The active elements (nodes with excess flow) can be processed in parallel as long as their neighborhoods (set of nodes connected to them through an incoming/outgoing edge) do not overlap. Figure 3 shows the available parallelism in the preflow-push algorithm for an input graph with 5625 nodes. At the very beginning of the computation, only the nodes connected to the source have excess flow. Then, flow is pushed through the edges in the network, causing more nodes to become active. This highly data-parallel phase is relatively short, since after some computation steps most of the elements in the graph no longer have excess flow. As Figure 3 shows, the vast majority (>95%) of computation steps are spent in working on only a handful of active nodes, which restricts overall parallelism. However, the heuristics mentioned above can help reduce the length of the "tail".

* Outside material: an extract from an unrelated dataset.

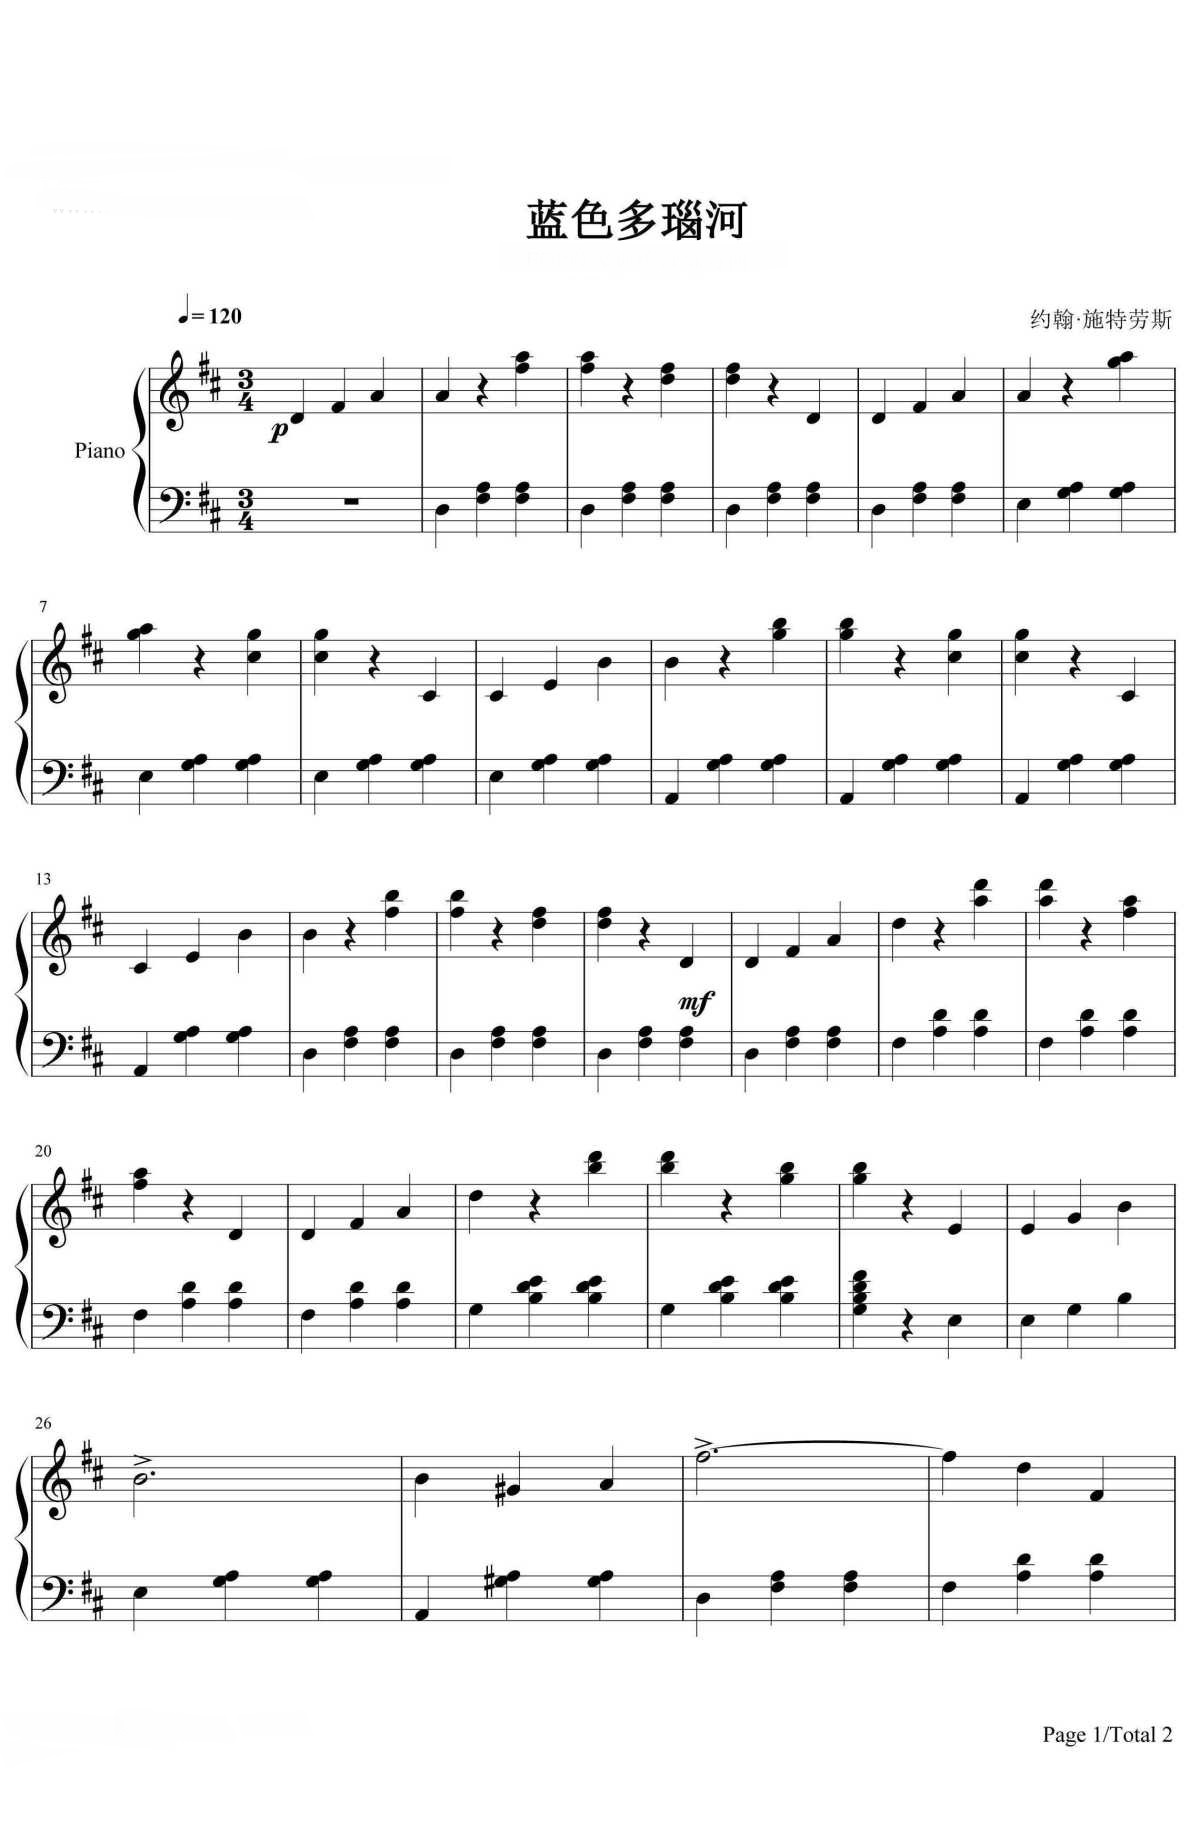 【蓝色多瑙河】的钢琴谱简谱 – 小约翰·施特劳斯

Figure 3: Available parallelism.

## Performance

Figure 3 gives the performance of this algorithm. One thing to note about the preflow push algorithm is that its performance is sensitive to the frequency and scheduling of the global relabel heuristic and other heuristics such as gap relabeling.

Figure 3: Performance results on a random graph of 2^23 nodes and 4 times that many edges. On the same input, the hi_pr program takes about 20 seconds (shown on figure as Serial).

## Machine Description

Performance numbers are collected on a 4 package, 10 cores per package, Intel Xeon E7-4860 machine at 2.27GHz. Thread numbers above 40 use SMT. The machine has 128GB of ram with 20GB dedicated to 2M hugepages used by the Galois allocator. The operating system is Ubuntu Linux 10.04 LTS (Linux 2.6.32). All runs of the Galois benchmarks used gcc/g++ 4.7 to compile with a patch to the C++ runtime to improve the scalability of exception handling. All other implementations were compiled with Intel ICC 12.1 with thread parallelization provided by Intel Cilk.